David G. Johnston <david.g.johnston@gmail.com>
From: "David G. Johnston" <david.g.johnston@gmail.com>
To: Robert Haas <robertmhaas@gmail.com>
Cc: Tom Lane <tgl@sss.pgh.pa.us>, amul sul <sul_amul@yahoo.co.in>, PostgreSQL-development <pgsql-hackers@postgresql.org>
Date: 2016-06-20T12:58:23Z
Lists: pgsql-hackers
On Mon, Jun 20, 2016 at 8:19 AM, Robert Haas <robertmhaas@gmail.com> wrote:
> On Mon, Jun 13, 2016 at 12:25 PM, Robert Haas <robertmhaas@gmail.com>
> wrote:
> > On Mon, Jun 13, 2016 at 12:12 PM, Tom Lane <tgl@sss.pgh.pa.us> wrote:
> >> amul sul <sul_amul@yahoo.co.in> writes:
> >>> It's look like bug in to_timestamp() function when format string has
> more whitespaces compare to input string, see below:
> >>
> >> No, I think this is a case of "input doesn't match the format string".
> >>
> >> As a rule of thumb, using to_timestamp() for input that could be parsed
> >> just fine by the standard timestamp input function is not a particularly
> >> good idea. to_timestamp() is meant to deal with input that is in a
> >> well-defined format that happens to not be parsable by timestamp_in.

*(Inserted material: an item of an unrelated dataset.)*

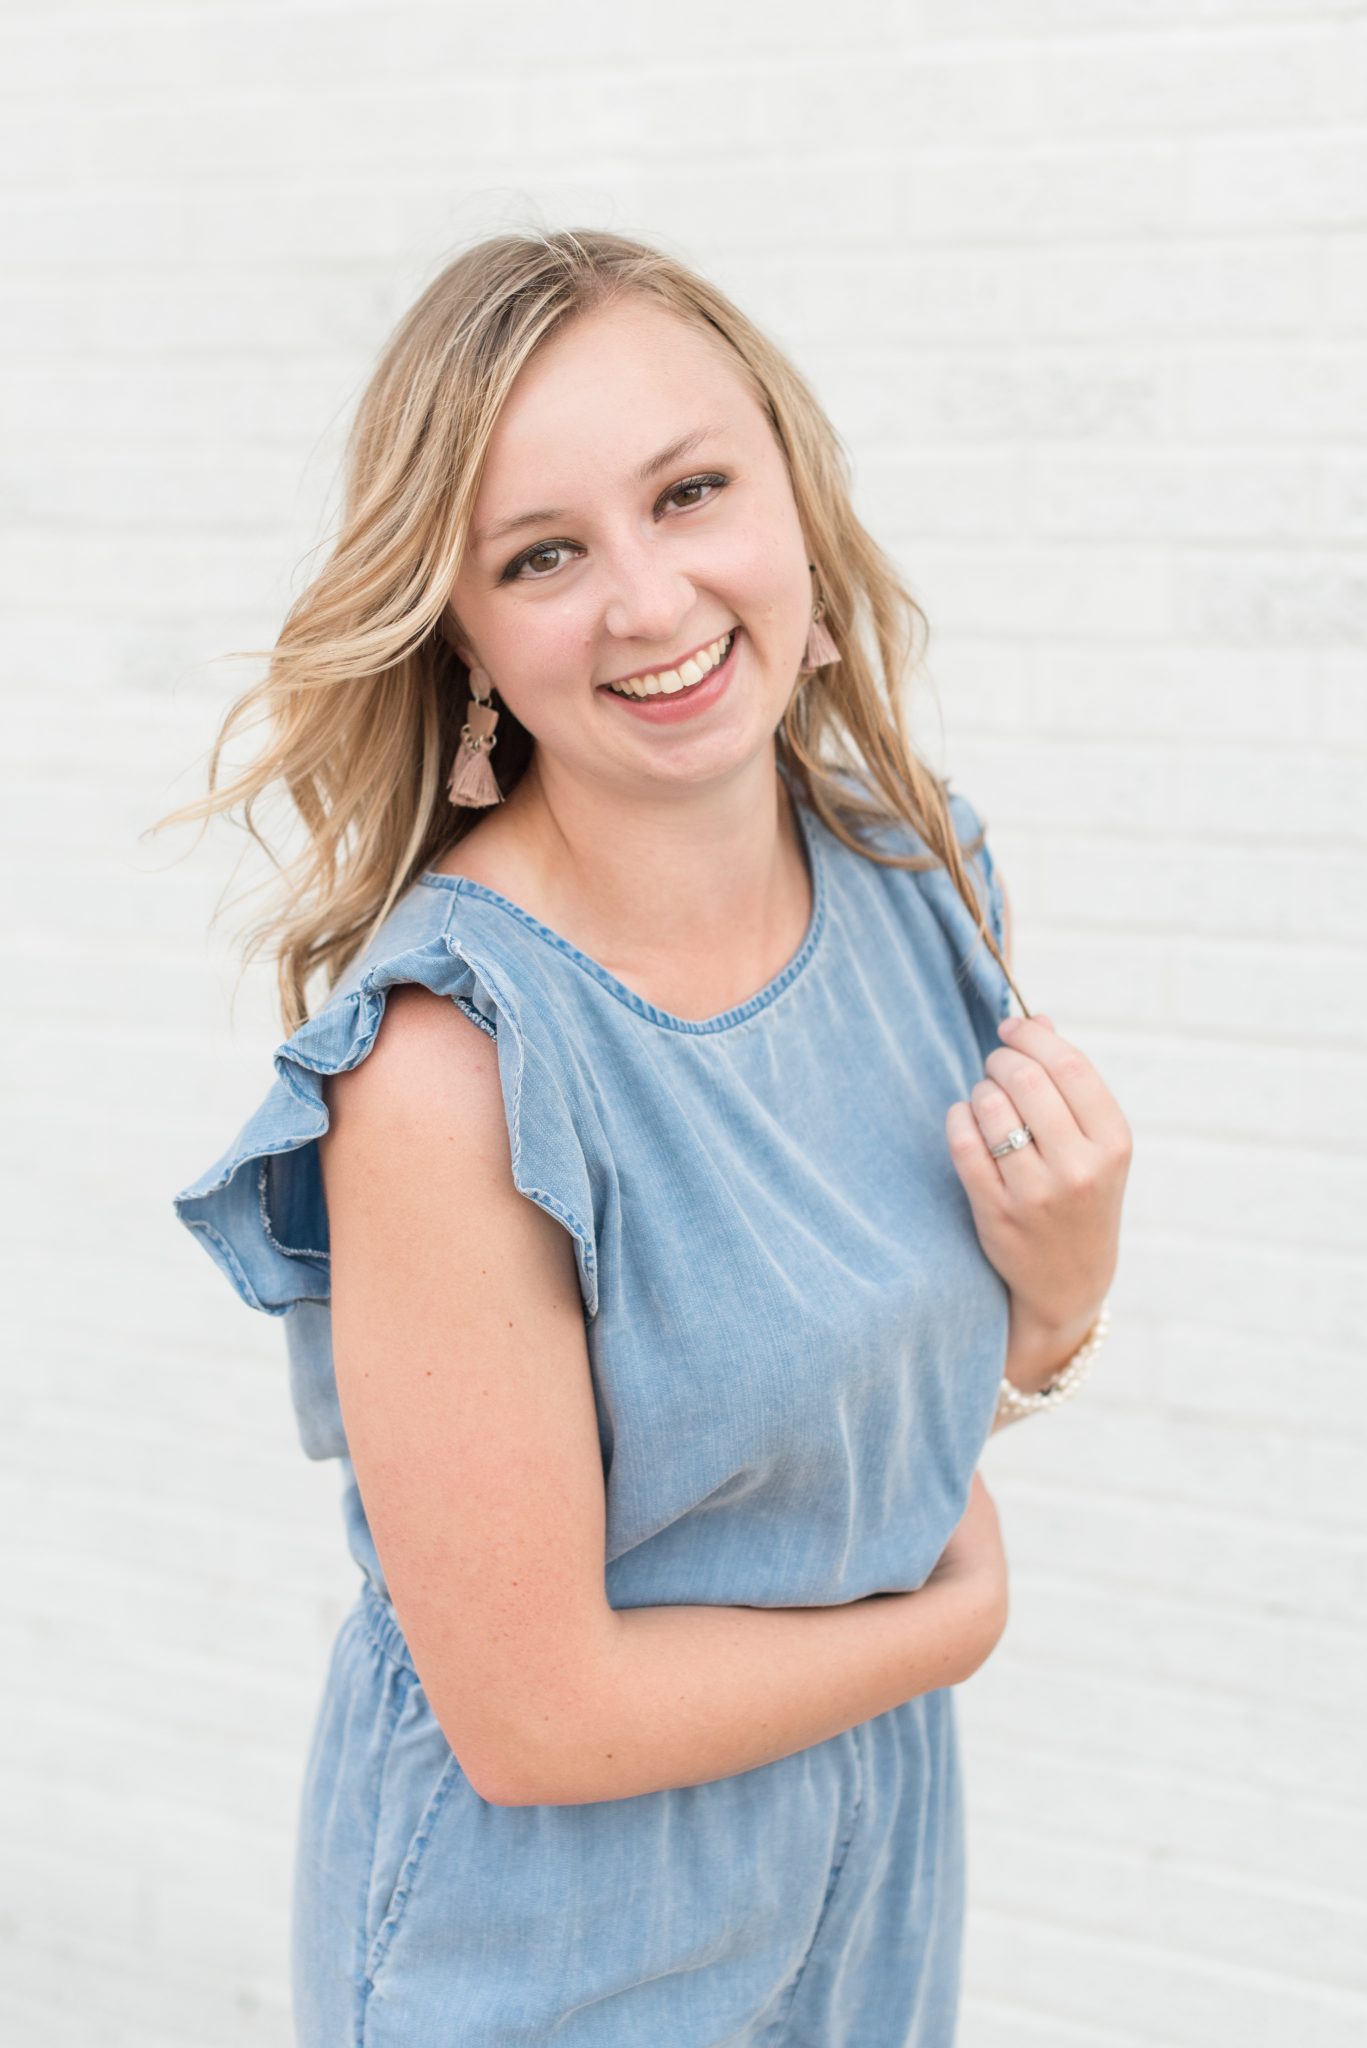 Episode 61: How to Create Connection & Increase Sales via Social Media with Katelyn Workman of Katelyn Workman Photography

> >> This example doesn't meet either of those preconditions.
> >
> > I think a space in the format string should skip a whitespace
> > character in the input string, but not a non-whitespace character.
> > It's my understanding that these functions exist in no small part for
> > compatibility with Oracle, and Oracle declines to skip the digit '1'
> > on the basis of an extra space in the format string, which IMHO is the
> > behavior any reasonable user would expect.
>
> So Amul and I are of one opinion and Tom is of another. Anyone else
> have an opinion?
>
>
At least Tom's position has the benefit of being consistent with current
behavior. The current implementation doesn't actually care what literal
value you specify - any non-special character consumes a single token from
the input, period.
SELECT TO_TIMESTAMP('2016-06-13 15:43:36', 'YYYY/MM/DD--HH24:MI:SS');
SELECT TO_TIMESTAMP('2016-06-13 15:43:36', 'YYYY/MM/DD-HH24:MI:SS');
Both the above exhibit the same behavior as if you used a space instead of
the hyphen as the group separator.
The documentation should be updated to make this particular dynamic more
clear.
I don't see changing the general behavior of these "date formatting"

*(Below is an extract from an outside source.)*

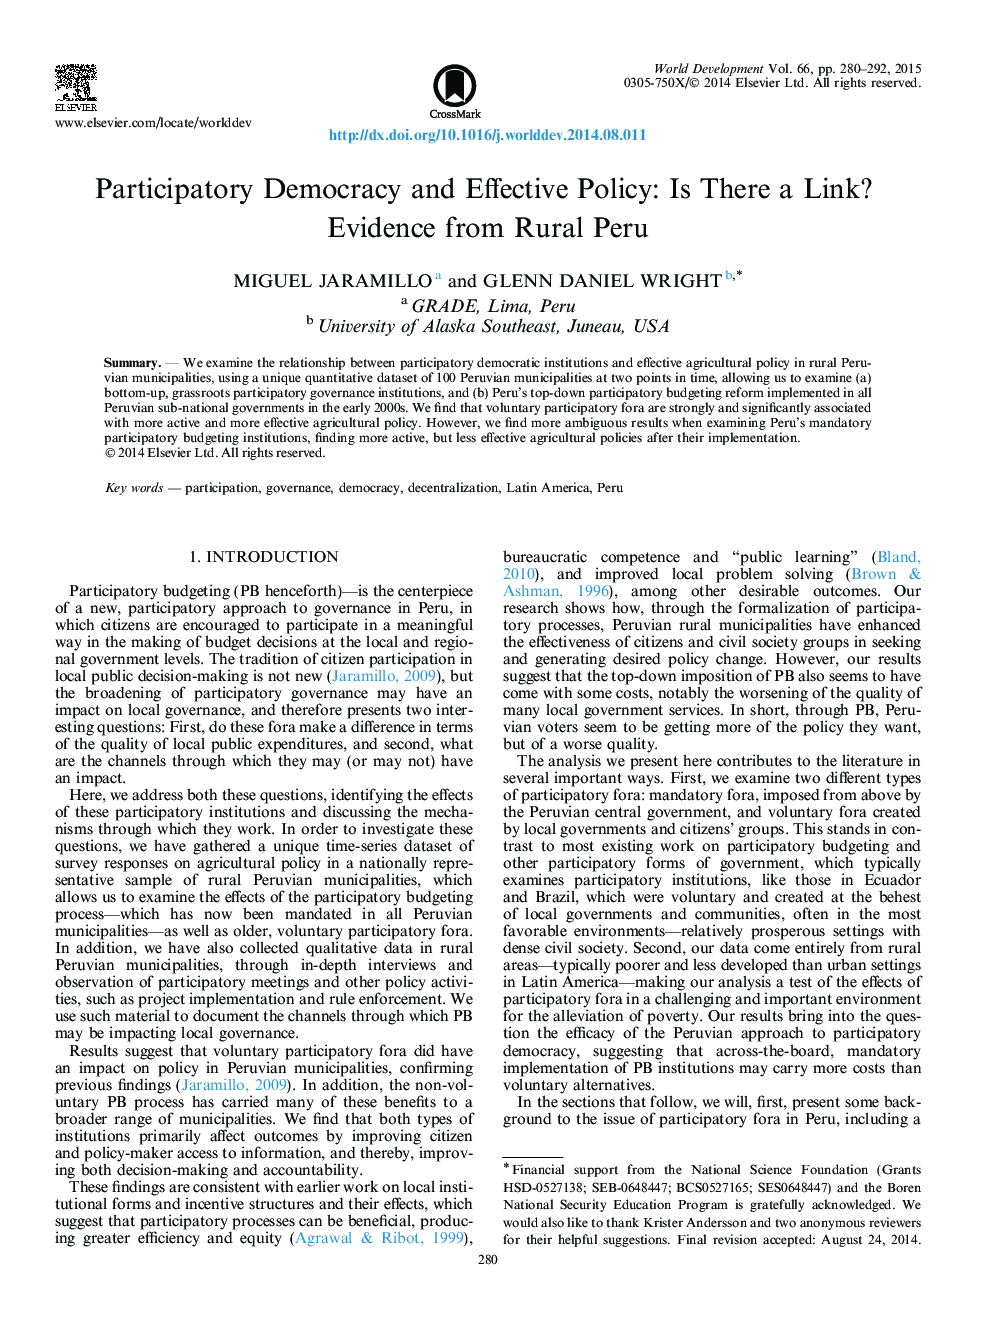 Participatory Democracy and Effective Policy: Is There a Link? Evidence from Rural Peru

functions a worthwhile endeavor. Adding a less-liberal "parse_timestamp"
function I could get behind.
IOW, the user seems to be happy with the fact that the "/" in the date
matches his "-" but them complains that the space matches the number "1".
You don't get to have it both ways.
[re-reads the third usage note]
Or maybe you do. We already define space as a being a greedy operator
(when not used in conjunction with FX). A greedy space-space sequence
makes little sense on its face and if we are going to be helpful here we
should treat it as a single greedy space matcher.

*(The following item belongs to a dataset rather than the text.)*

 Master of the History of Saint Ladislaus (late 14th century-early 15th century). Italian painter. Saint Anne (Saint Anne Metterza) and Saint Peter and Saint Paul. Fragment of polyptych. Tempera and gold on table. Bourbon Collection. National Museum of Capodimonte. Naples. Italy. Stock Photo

Note that "returns an error because to_timestamp expects one space only" is
wrong - it errors because only a single space is captured and then the
attempt to parse ' JUN' using "MON" fails. The following query doesn't
fail though it exhibits the same space discrepancy (it just gives the same
"wrong" result).
SELECT TO_TIMESTAMP('2016-06-13 15:43:36', 'FXYYYY/MM/DD HH24:MI:SS');
Given that we already partially special-case the space expression I'd be
inclined to consider Robert's and Amul's position on the matter. I think
I'd redefine our treatment of space to be "zero or more" instead of "one or
more" and require that it only match a literal space in the input.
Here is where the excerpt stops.